Thursday, April 22, 2010

Red Green Saves the Day

          Do you remember that part in the Tom Hanks movie ‘Apollo 13’ when the oxygen tank ruptured and the astronauts in the ill-fated craft were doomed if Houston Control couldn’t figure out a way to save them? Three engineers were shut in a room and had four hours to devise a solution using the available materials they knew were aboard the ship. Almost like a Hollywood movie, the creative engineers at the mission control center devised a plan to staunch the leak and ensure an adequate atmosphere for the ride home.
Well, guess what? Hold onto your hockey helmets, folks, I have some news that’s bigger than Chef Gordon Ramsey’s ego. (Okay, maybe not that big but still...) The momentous news is that the engineers who helped save the day were with the Canadian Space Agency; as Canuckish as Alberta beef smothered in poutine and Saskatoon pie with a side of mussels! The trio were recently being honoured by NASA at the 40th anniversary of the near-disaster in a ceremony at the Canadian Air and Space Museum in Toronto.  (There’s a Canadian Air and Space Museum in Toronto?)
Well, actually, the engineers, Bernard Etkin, Barry French and Philip Sullivan, weren’t exactly the engineers in the movie. They were, however, a vital resource for the experts at NASA and in constant communication with them from their offices at the University of Toronto. The northern-based brainiacs were given the task of calculating the various internal and external pressures that would be at work in the perilous re-entry. Apparently, these calculations were extremely complicated and if wrong, would have caused the spaceship to either be crushed like an empty beer can in a redneck’s hand or blown to bits like rocket-powered rollerskates from Wile E. Coyote’s Acme catalogue.
What was not reported by any known sources internationally, or at least any I happened to notice while trolling the news sites, was that a special envoy was procured by the Houston brass to act as a liaison; bridging the gap between the U of T eggheads and the team NASA had working on the problem.
In a Pipestone Flyer exclusive, which I received in a brown envelope slipped under the door of my palatial office in the Pipestone Flyer Building in downtown Millet, we get to learn the identity of that unsung hero.
This advisor is such a giant in the annals (Ha! I said “annals”) of Canadian icons he practically bleeds maple syrup. He was the ideal individual for the job as he is recognized across the land for his expertise in crisis management.  His half hour documentaries were a rarity, indeed; a Canadian TV show that was actually popular with Canadian viewers. For the first time ever published, here is a transcript of the conversation between those brilliant Canadian scientists and those frantically trying to save those brave space pioneers in the crippled craft as facilitated by the eminent expert brought in as their go-between.

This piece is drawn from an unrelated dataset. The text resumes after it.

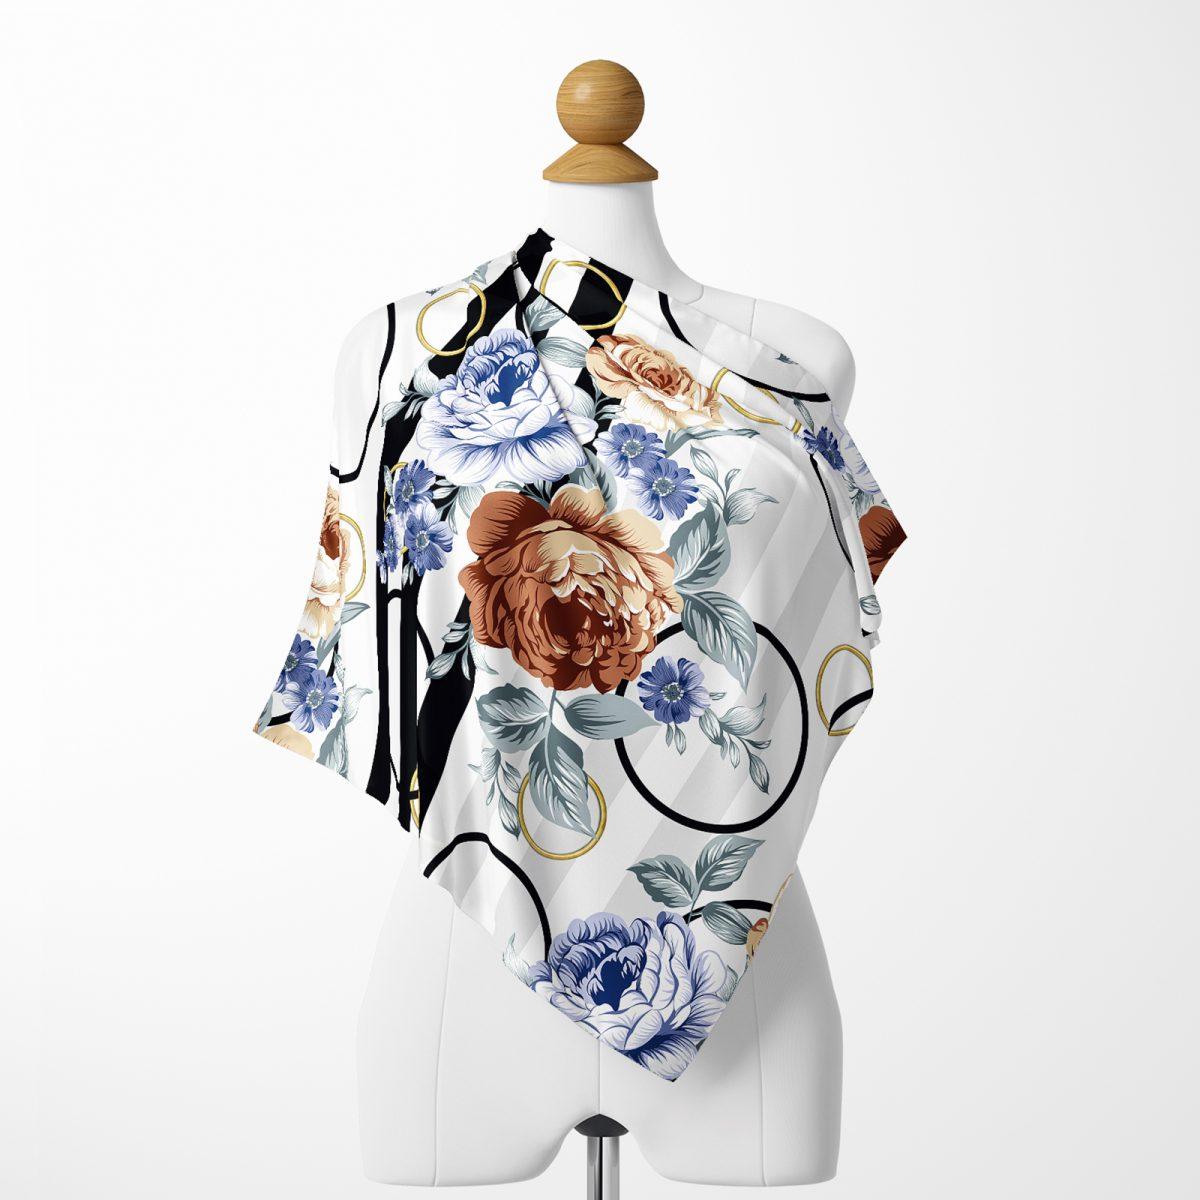 RealHomes Moda Özel Tasarım Dijital Baskılı Modern İpeksi Twill Eşarp Realhomes

Canadian Engineers: According to the calculations, we have arrived at a figure of 73995.922 X (83462355.4876345) + 82622793.09436636/837652580(-9372562.9653792).
Red Green: Now here’s what you want to do, fellas; get yourself a good, sturdy roll of duct tape and start wrapping that oxygen tank. It might take quite a few wraps but it’ll hold. I once used duct tape to attach the chassis onto the frame on a ’59 Pontiac. It lasted over three weeks!
Canadian Engineers: Make sure they factor in the equilibrium constant of 7820298.8375/456453792.9373. This will be critical in maintaining the constants required during the shifting external pressures.
Red Green: Okay so now, if it gets hard to breath, just poke a hole in the duct tape over the oxygen leak. Still not enough? Make the hole bigger. If you feel light headed, though, put another wrap or two over part of the hole. Try and avoid smoking while doing this.
NASA Emergency Team: It’s okay, we warned them if they want to light up they have to stand outside the vessel.
Red Green: Make sure they don’t just stand just inside with the door opened a crack. That oxygen stuff is dangerous.
NASA Emergency Team: That’s a big ten four, there, Red. Anything else we should know?
Red Green:  Just one more thing. The coefficient of the Manheim variable is 97653.86/513447.82256.
NASA Emergency Team: Oh thank you so much for saving the day!
Red Green: Well, if the women don’t find you handsome, they better find you handy!

In the end, the Apollo 13 crewmen made it safely back for a splashdown in the Pacific. (The Atlantic was booked that day apparently.) It was nice to see the incident had a Canadian angle to it, as well. All too often our efforts are overlooked on the world stage. It was nice to see these Canadian mathematicians honoured for their contribution. Funny that it took forty years to do it.
Just a note to readers, parts of the above may have been slightly fictionalized for dramatic effect.